The number of individuals that are removed from a population should determine if the population will grow. Our goal was to find how many mosquitoes must be removed from a population for it to grow. We also wanted to know if the species of mosquito made a difference. To test this, we raised four different species of mosquito larvae in small containers. We then removed individuals from the population to imitate the extrinsic mortality that mosquitoes experience in nature. We either removed the larvae from their containers by hand or added predators that would eat individuals in the population. We removed between 0% and 70% of the larvae from each container to see what percentage of extrinsic mortality would increase the population size. Afterward, we counted the number of adult mosquitoes in each container to find the final population size. We found that how mosquitoes respond to extrinsic mortality depended on the species. We also found that species that can live on less food are less likely to experience population growth in response to extrinsic mortality. Even so, the population size grew for three of the four species that we tested. For two species, high and low mortality kept the population small, but intermediate mortality caused the population to grow. For one species, the population grew no matter how many individuals were removed.
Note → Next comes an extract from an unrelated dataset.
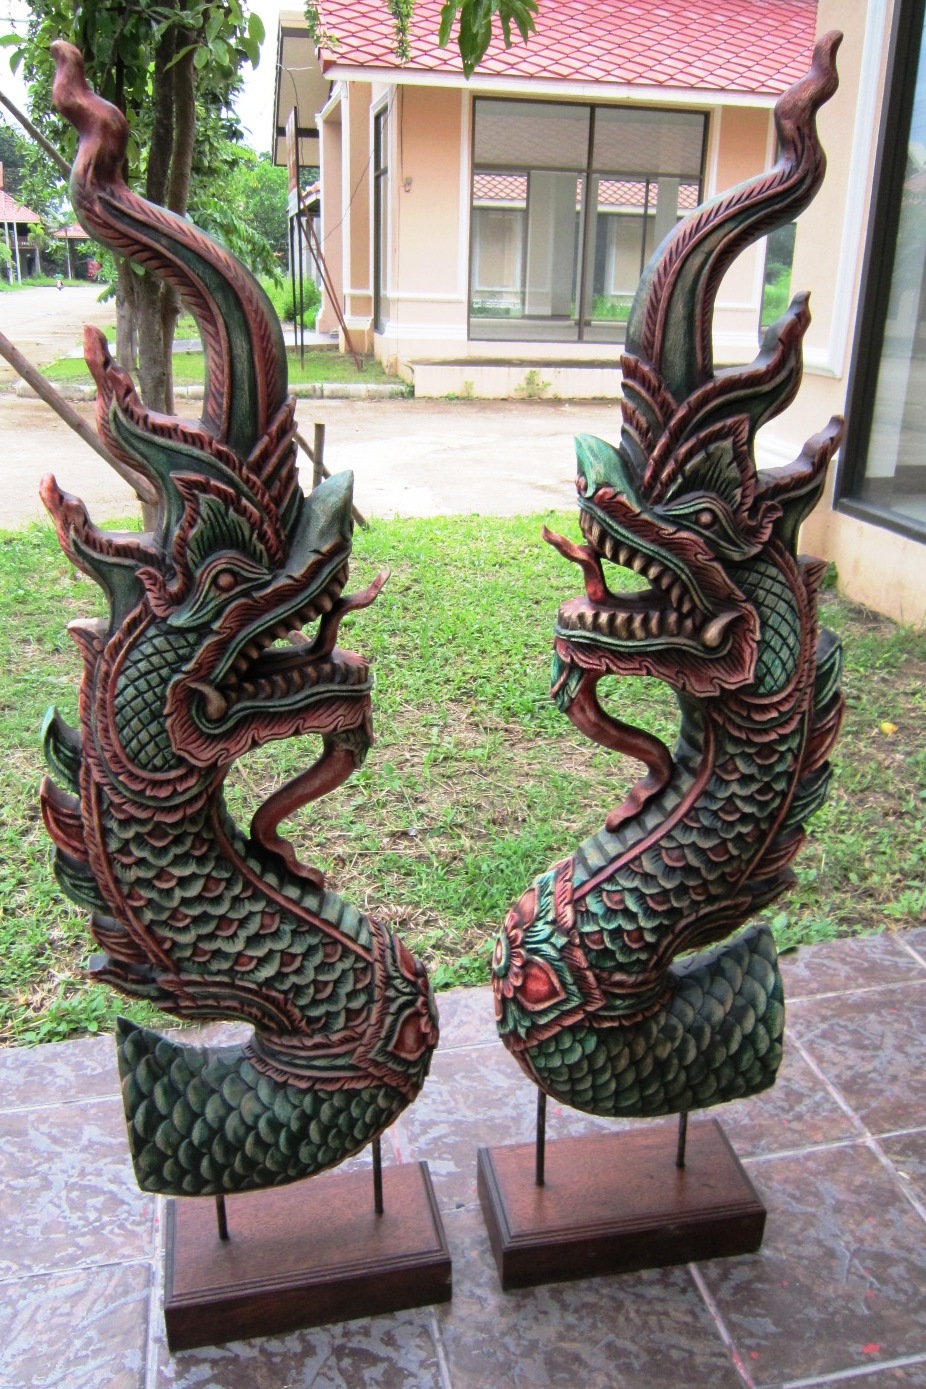 Pair of Naga Heads

Highlights: In our research, we studied four species of mosquito: the Asian tiger mosquito (Aedes albopictus), the yellow fever mosquito (Aedes aegypti), the common house mosquito (Culex pipiens), and the eastern tree hole mosquito (Aedes triseriatus). One of the most important results from this study came from the species, A. triseriatus. A. triseriatus mosquitoes can be found in the southern part of the United States. When we removed 70% of the A. triseriatus larvae from the container, the population grew (Figure 1).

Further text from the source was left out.